Written by: Jessica Lynch

Hi there! My name is Jessica, I am 21 years old, and I am going to give you the inside scoop on what a Cultural Resources Specialist in the National Park Service does on the daily. 

Firstly, Cultural Resources encapsulates a lot of professions within the Park Service. Knowledge about interpretation, museum collections, and archaeology is vital. 

Due to the nature of this varied position, my tasks from moment to moment vary widely from cleaning objects, putting data into the Interior Collection Management System, assessing the conditions of archeological sites in the field, and creating videos explaining the importance of Cultural Resources for the public. 

Jessica working with retired NPS archeologist Tim to identify archeological chert  within collections.

This summer, I am working in collaboration with ACE and New River Gorge National Park, the newest National Park in the country. I mainly work with museum collections, which many people do not know even exists within the Park Service. The objects you see on display in visitor centers are only a small fraction of the resources that Parks work to preserve, interpret, and protect from deterioration. According to the NPS, Museum Collections refers to the “group of artifacts (including archives) and/or scientific specimens that are relevant to the park’s mission, mandates, history, and themes, and which the park manages, preserves, and makes available for access (through research, exhibits, and other media) for the public benefit.” 

Jessica entering artifact information into an online database for the Department of the Interior.

In order to track the condition of objects with the Museum Collections, I record information about each and every object in storage, including a description, size measurements, where it can be found within the Collections, and any signs of deterioration. This information allows museum curators and museum technicians to locate objects when they are needed for research in addition to tracking how the object reacts to the temperature, light, and other environmental factors.
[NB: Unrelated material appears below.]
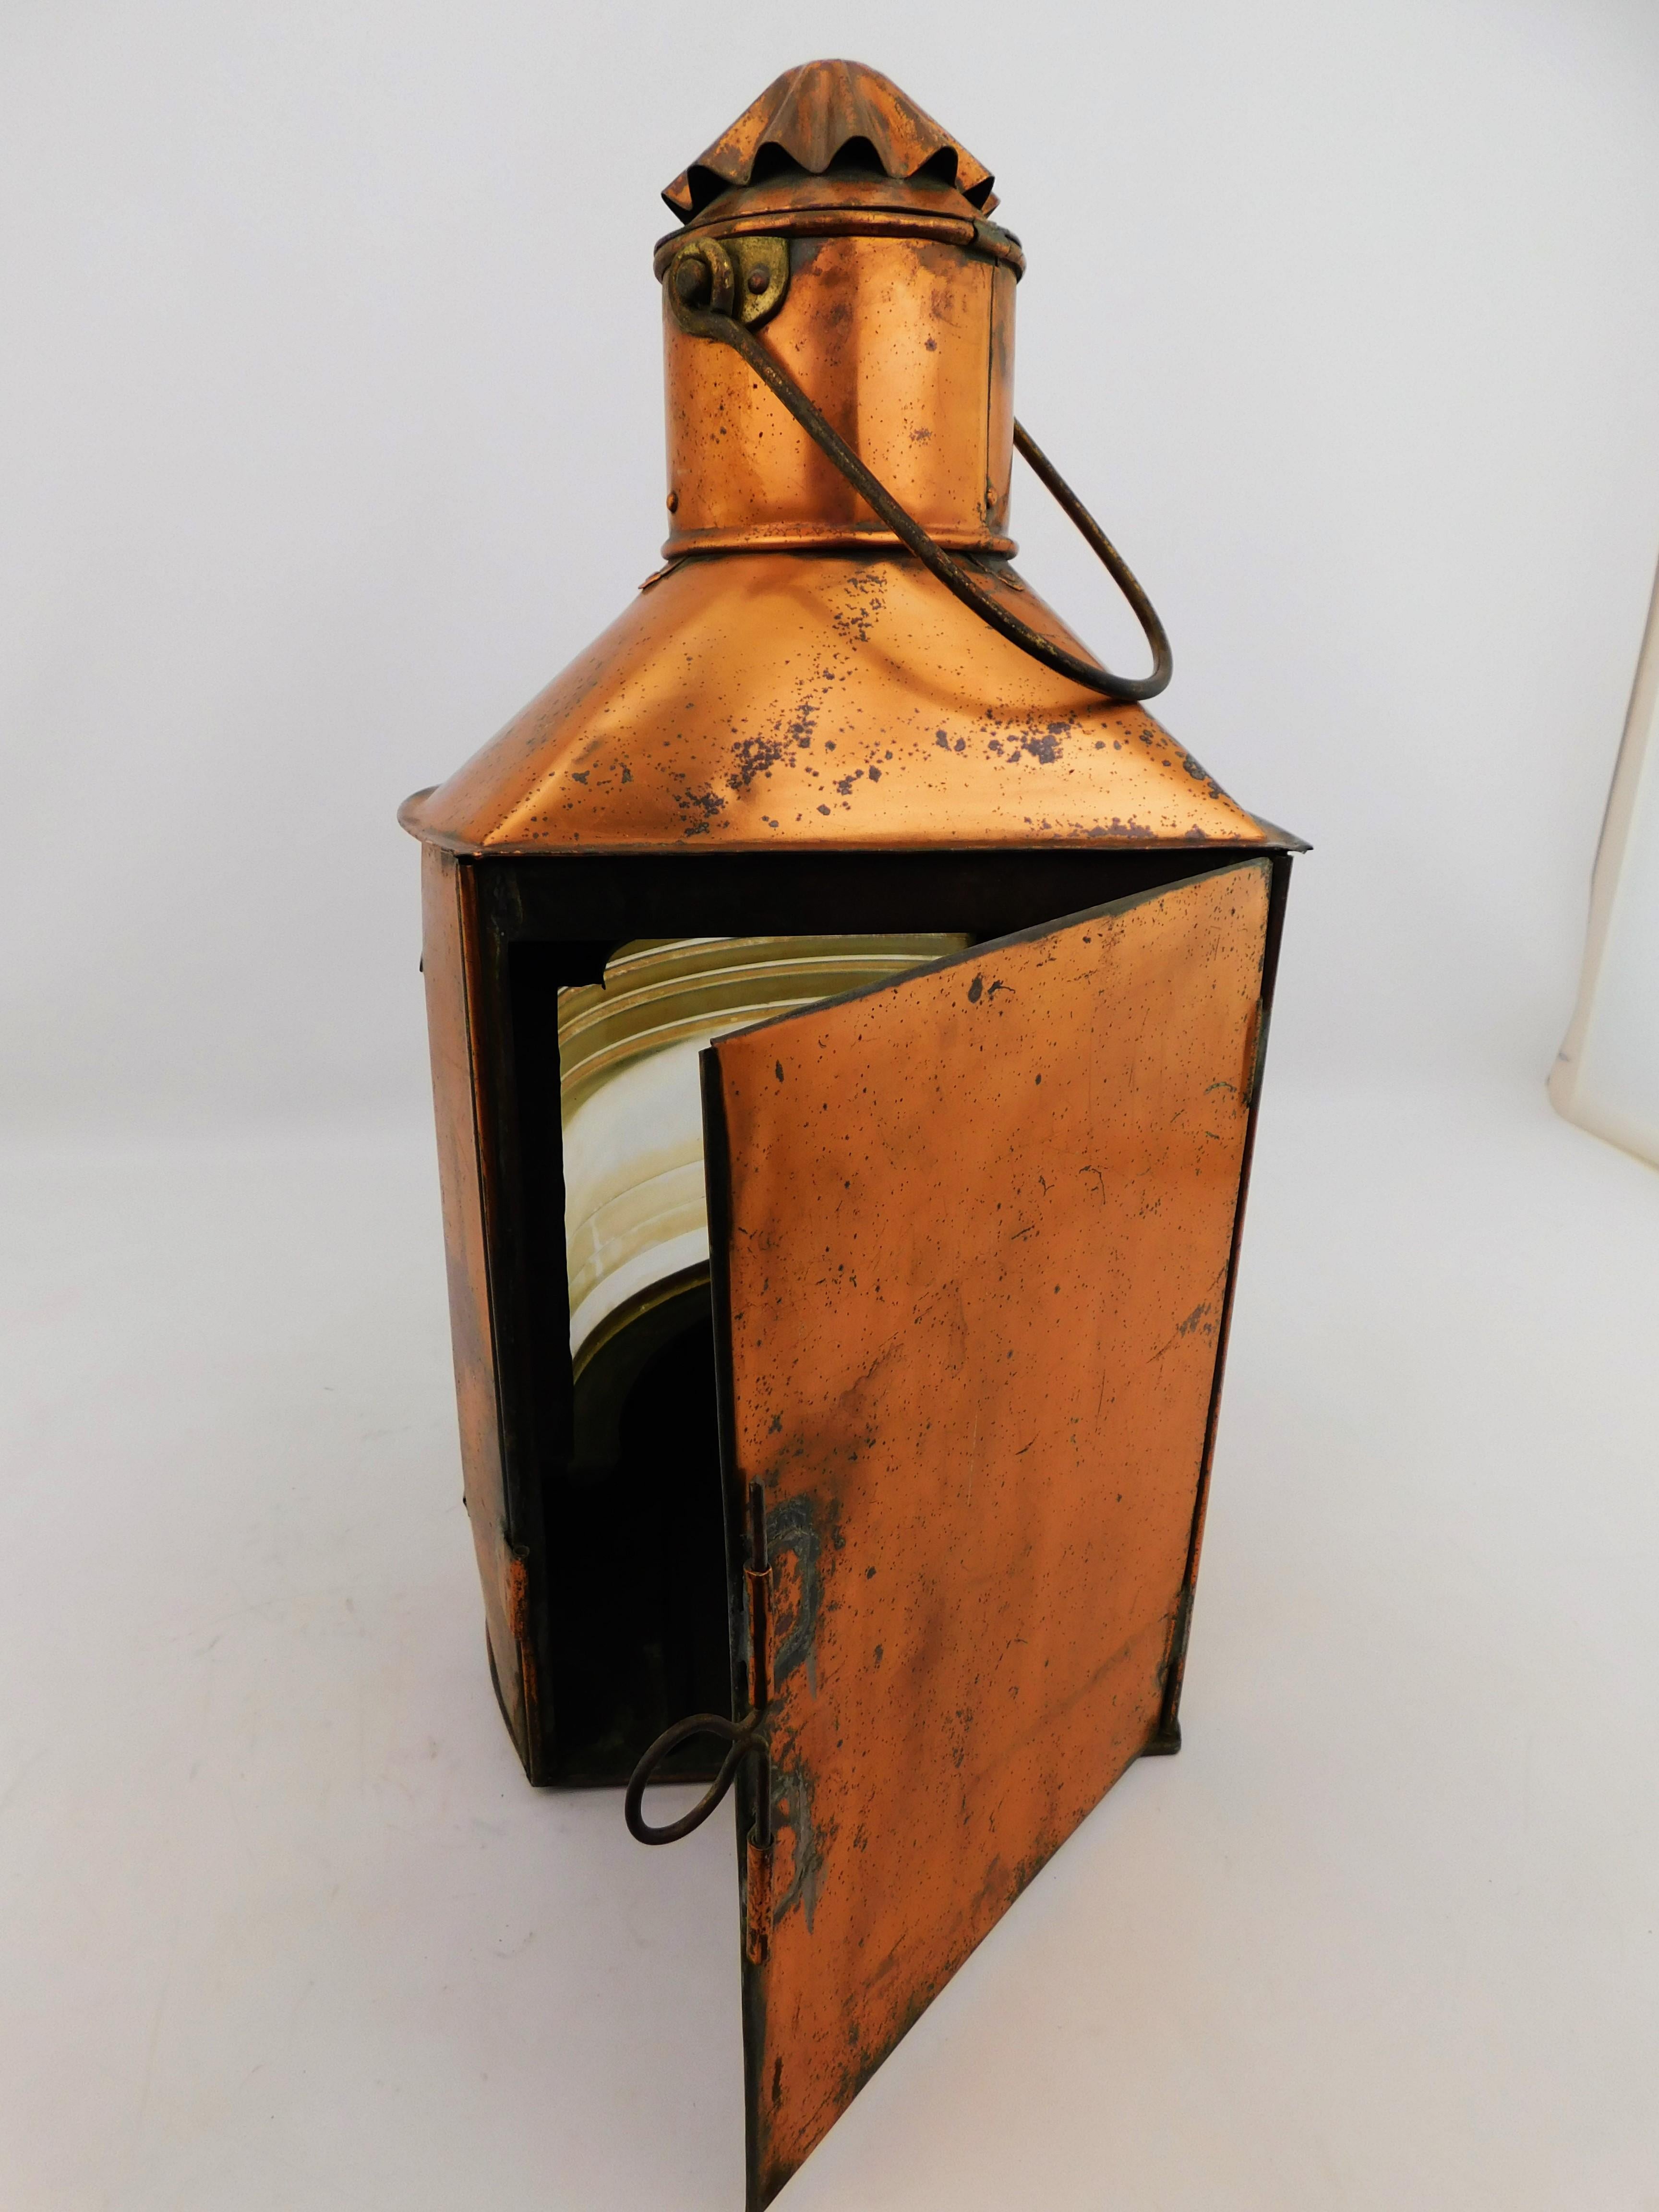 Large Copper and Brass Ship's Port Lantern Light by Meteorite Birmingham England In Fair Condition For Sale In Hamilton, Ontario
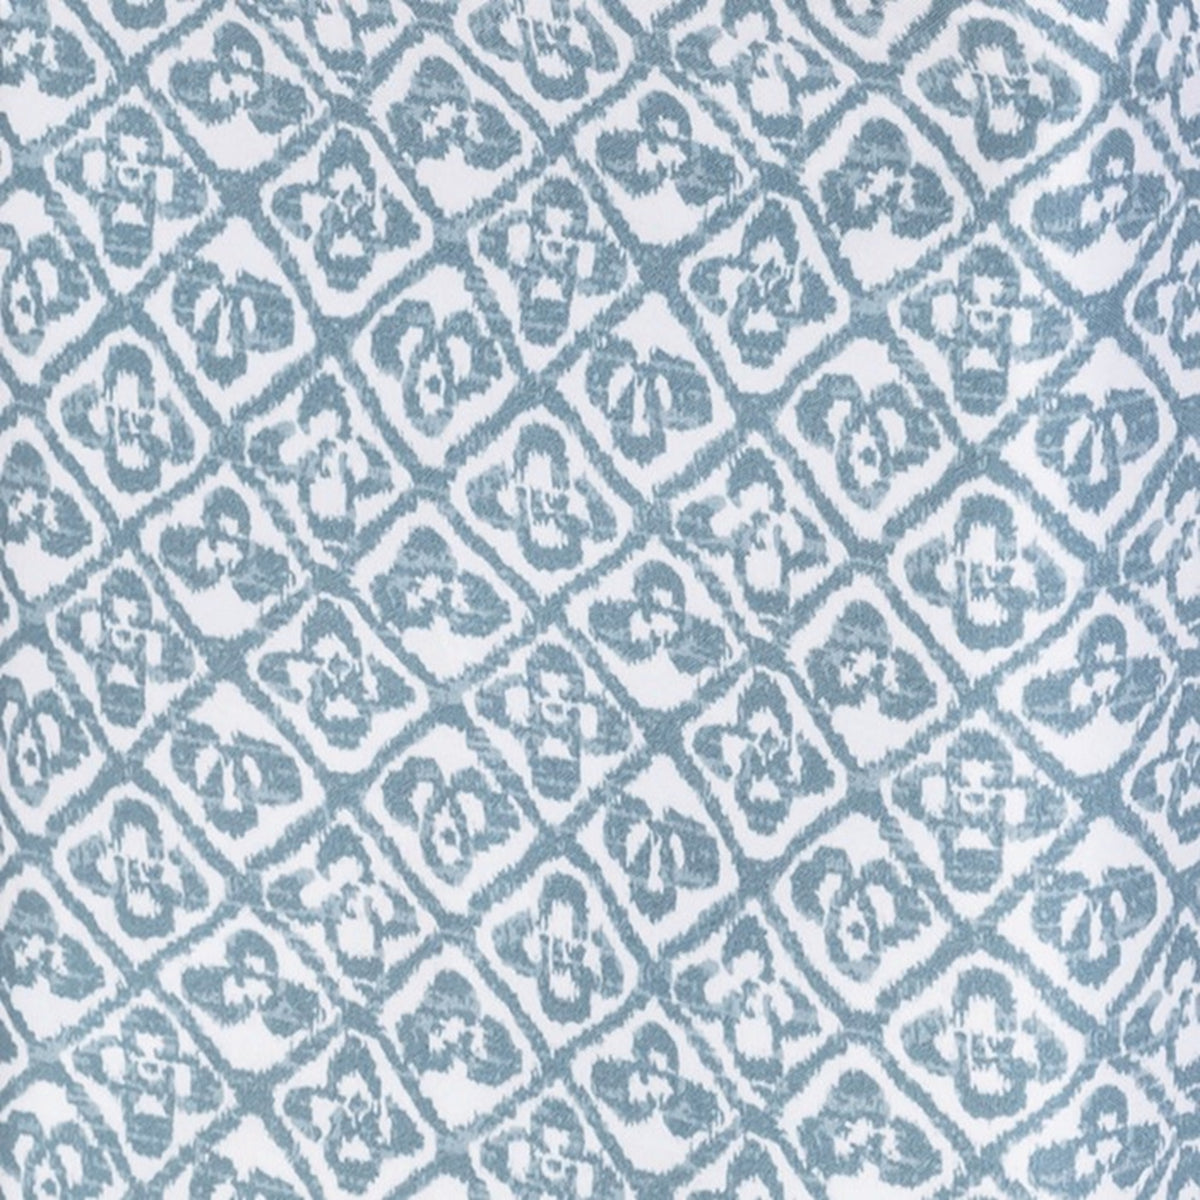 Swatch Sample of Matouk Catarina Tissue Box Cover in Color Hazy Blue

It is a lengthy process to ensure that objects are clean and sufficiently documented, but thankfully the Cultural Resources division exists to highlight the valuable items that can show us how life was experienced in the past.

Jessica using a soft-haired paint brush to clean the surface of an early 20th century typewriter.

Did you know that the paper in your printer contains an organic compound called lignin that is harmful to historic resources? Utilizing archival paper to house and store objects is just one facet of conservation efforts that occur within Museum Collections. An unassuming spot of mold or layer of rust can progress into a disaster that makes objects too damaged to read or function. Cleaning objects with archivally safe materials is an important part of my day that ensures such resources can be utilized for generations to come. 

As someone new to the professional world and operating procedures of the National Park Service, it is my personal goal to extend my work to be more accessible to the public, whether it be through education or research, the materials I work with on a daily basis belong to all of us. Making more digital content  and programming to inform the public about the duties of the cultural resource division will spread its mission and open more doors for people to use the resources within collections. Next time you visit a National Park, think about the work that went into acquiring, cleaning, and documenting the items on display and smile knowing that Cultural Resource professionals have your back when it comes to protecting the relics of our past.